黒田家名宝展示ふたたび ―甲冑・武芸書編―
令和6年4月9日(火)~6月9日(日)
黒田宣政の甲冑と新続家譜の事績
5代宣政(のぶまさ)の時代は、天下泰平(てんかたいへい)の世であり、現在残る彼の所用甲冑の兜は、室町(むろまち)時代風の復古調(ふっこちょう)タイプの筋兜です。鉢の眉(ま)びさしに獅子噛(しかみ)の浮彫があり、前立(まえたて)を装着する金具も残っています。かつては父・綱政(つなまさ)の兜に倣ならった豪華な金泥塗の前立があったのでしょうか。一方、胴は初代黒田長政の所用した桶側胴(おけがわどう)にあやかった造りです。この彼の短い藩主在任中の事績は、「黒田(くろだ)新続家譜(ぞくかふ)」に記されています。
黒田治之の甲冑と肖像
7代藩主治之(はるゆき)(1752~81)は、11歳のときに徳川将軍家の一門・一橋家(ひとつばしけ)から6代藩主継高(つぐたか)の養子に迎えられた人物で、治之所用の少年用の甲冑が残されています。筋兜(すじかぶと)で鍬形(くわがた)の古風(こふう)な筋前立がつき、胴は萌黄(もえぎ)色の素掛威(すかけおどし)で、杏葉(ぎょうよう)という胸飾りも古風なものです。

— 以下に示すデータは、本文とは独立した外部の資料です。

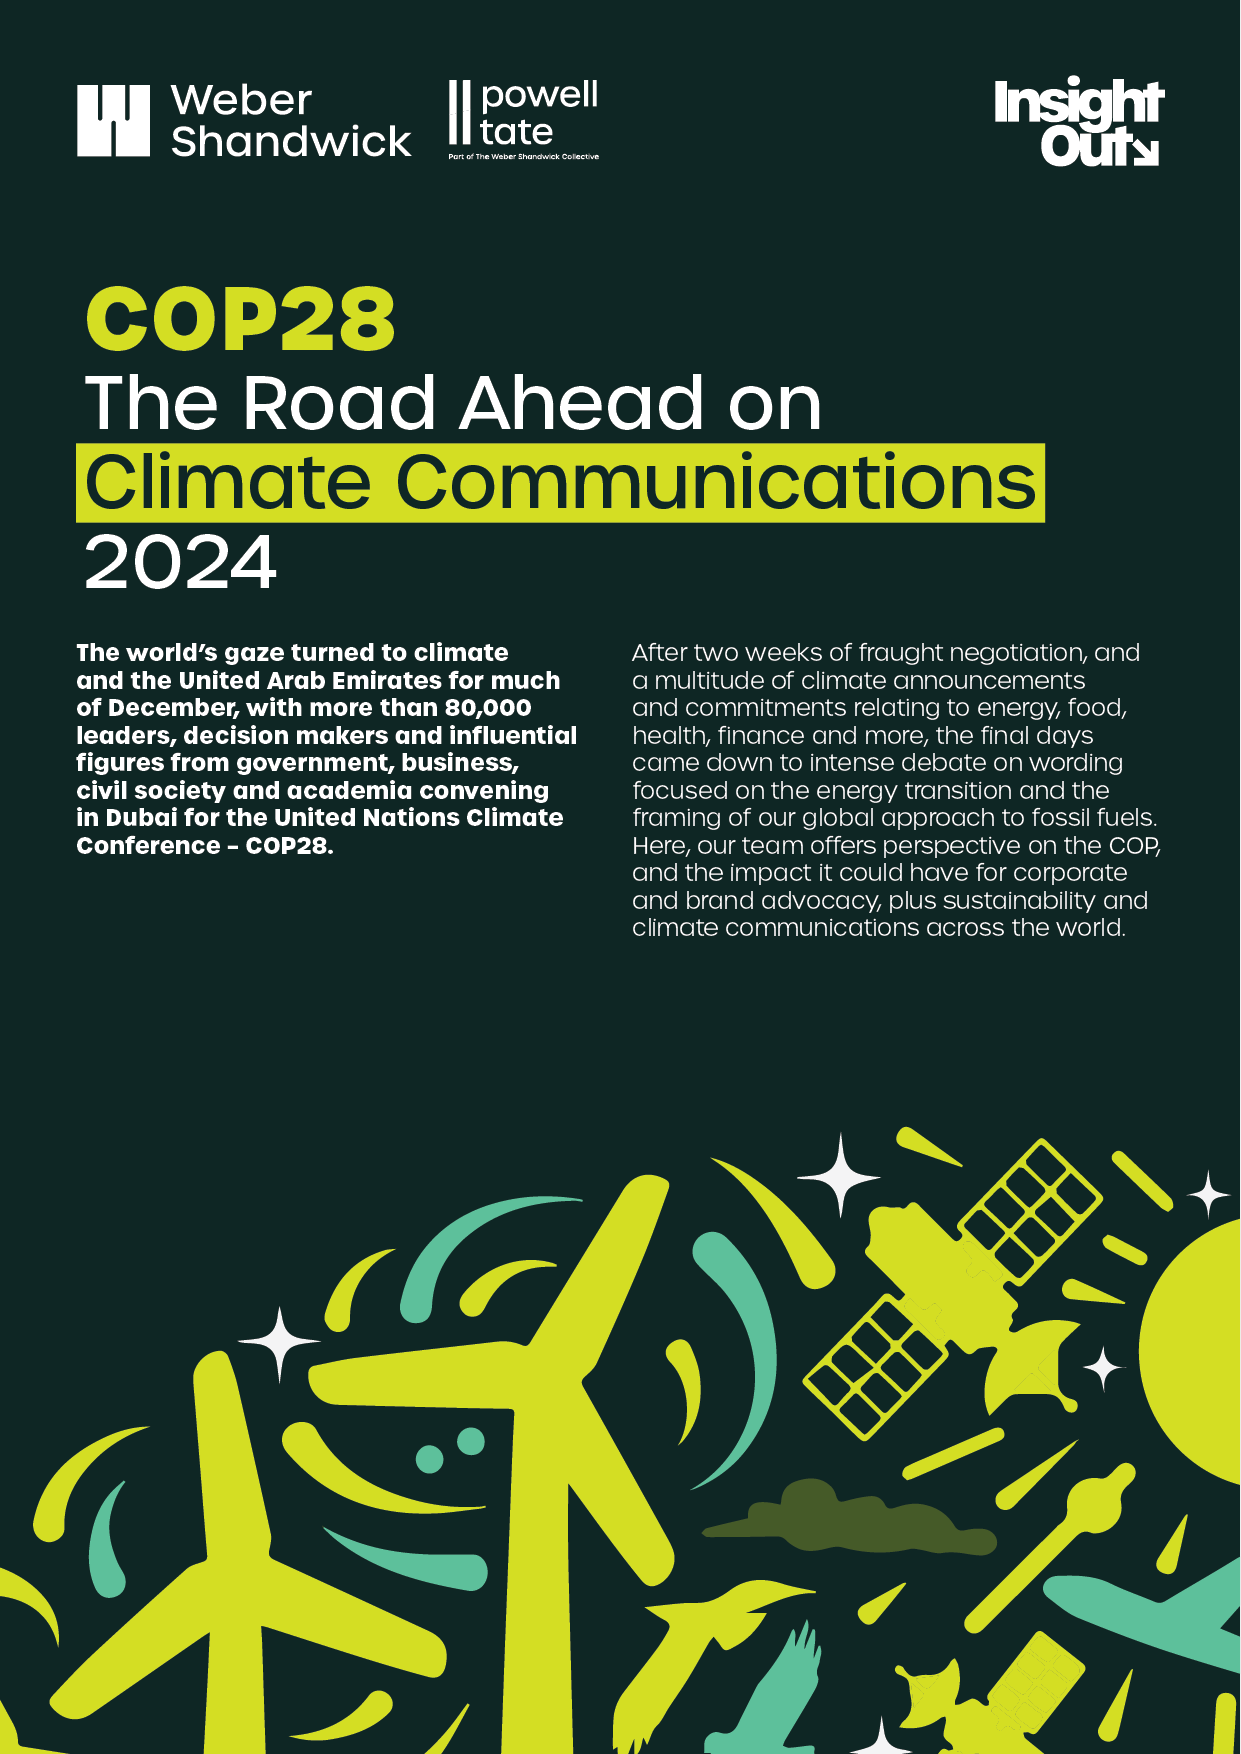 COP28 - The Road Ahead On Climate Communications_Page-1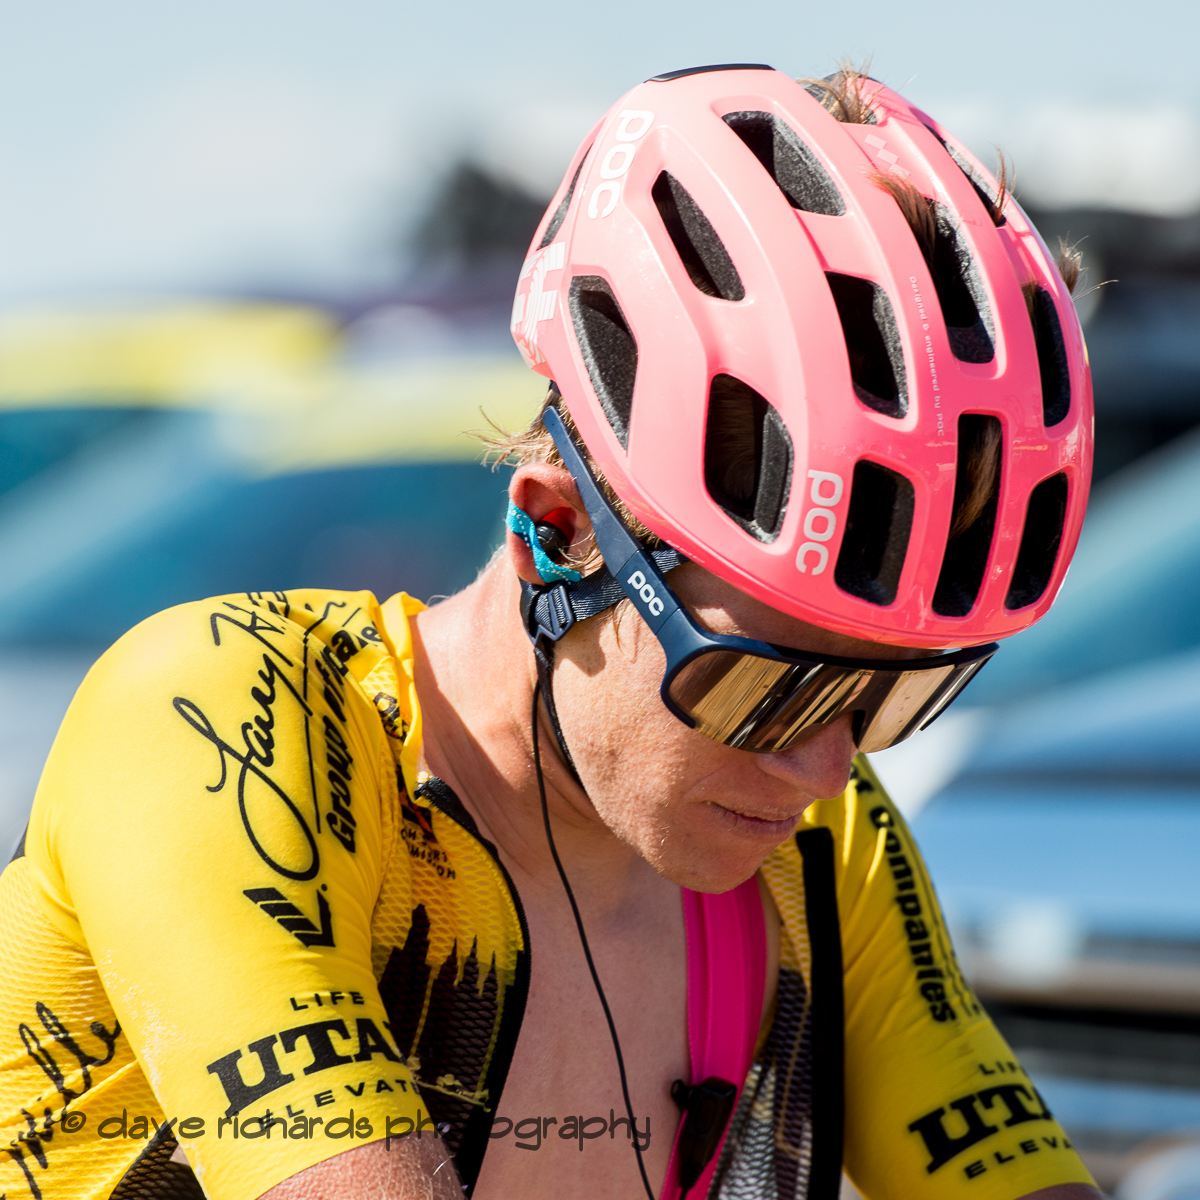 Race leader Lawson Craddock ( EF Education First) made a valiant effort but ended up losing the yellow jersey on Stage 2 - Brigham City to Powder Mountain Resort, 2019 LHM Tour of Utah (Photo by Dave Richards, daverphoto.com)

実家の一橋家から持参したことが、櫃の中に記されていました。いかにも少年用の明るい色合いの甲冑で、兜の吹返(ふきかえし)、前立、籠手など、いろいろなところに黒田家の白餅紋(しろもちもん)が付いています。この紋は黒田家の表紋で、旗指物や船印につくられます。一橋家が武功の家・黒田家へ養子に出す際に、張り切って作った様子がうかがえます。
黒田長政の砲術相伝書
黒田長政は若いころ、個人的に剣術や砲術を学んだことで知られ、特に鉄砲の射撃に優れていました。かれが学んだのは細川忠興(ほそかわただおき)や徳川家康(とくがわいえやす)に仕えた稲富一夢(いなとみいちむ)という砲術家でした。一夢が長政に出した相伝書(そうでんしょ)「御鉄砲之書(おんてっぽうのしょ)」が残っています。長政は、個人の技術だけでなく、数多くの合戦に参加した実戦の経験から、軍団(ぐんだん)としての鉄砲の運用に優れていました。関ヶ原合戦の時には、石田三成(いしだみつなり)麾下(きか)の猛将(もうしょう)・島左近(しまさこん)の攻撃を、側面にひそかに回した鉄砲隊の一斉射撃(いっせいしゃげき)で止め、撃退(げきたい)したことからもうかがえます。その場面は黒田家に残された関ケ原戦陣図屏風にも描かれています。
福岡藩主の馬術書
また長政は、若槻流(わかつきりゅう)馬術を学びその相伝書も残りますが、それらには馬の乗り方だけではなく、馬の医術(いじゅつ)や飼育方法(しいくほうほう)なども記され、大名として、軍事に必要な、馬についての総合的な研究をしていたことがうかがえます。18世紀の8代藩主の治高(はるたか)(1754~82)は、若い頃に大坪流(おおつぼりゅう)馬術をまなんで免許を得ています。治高は、四国の大名京極家(きょうごくけ)から養子に入り、藩主就任後すぐに亡くなった人物のため、残された資料は少なく、この馬術書は黒田家にとって貴重です。また11代藩主長溥が、養子にきて間もないころ、家臣の馬術師範(ばじゅつしはん)・福山(ふくやま)氏から学んだことがわかる馬術書も残されています。平和な時代でも、大名にはその地位に相応(ふさわ)しい乗馬技術を学ぶことが必須だったことがうかがえます。
黒田家伝来の武芸書
3代藩主光之の時代の武芸書として、彼の息子の誰かが家臣高田氏から受けた豪華(ごうか)な十文字鑓(じゅうもんじやり)の相伝書が伝わっています。光之夫人は、当時幕府から九州の抑(おさ)えと重視(じゅうし)された小倉藩小笠原(こくらおがさわら)家から輿入(こしい)れしており、同藩には当時、幕府にまで名前の聞こえた槍術の名人高田又兵衛(たかだまたべえ)がいました。同時代の剣術書では、光之の四男の長清(ながきよ)が、若いころに家臣・有地(ありち)氏から贈られた新陰流(しんかげりゅう)の絵入りの豪華な免許が残されています。剣技の型を絵で表したもので、全部で10巻の豪華な巻物です。黒田家では藩主や一族は幕府・将軍に認められた武芸を学ぶことが、通例化していたようです。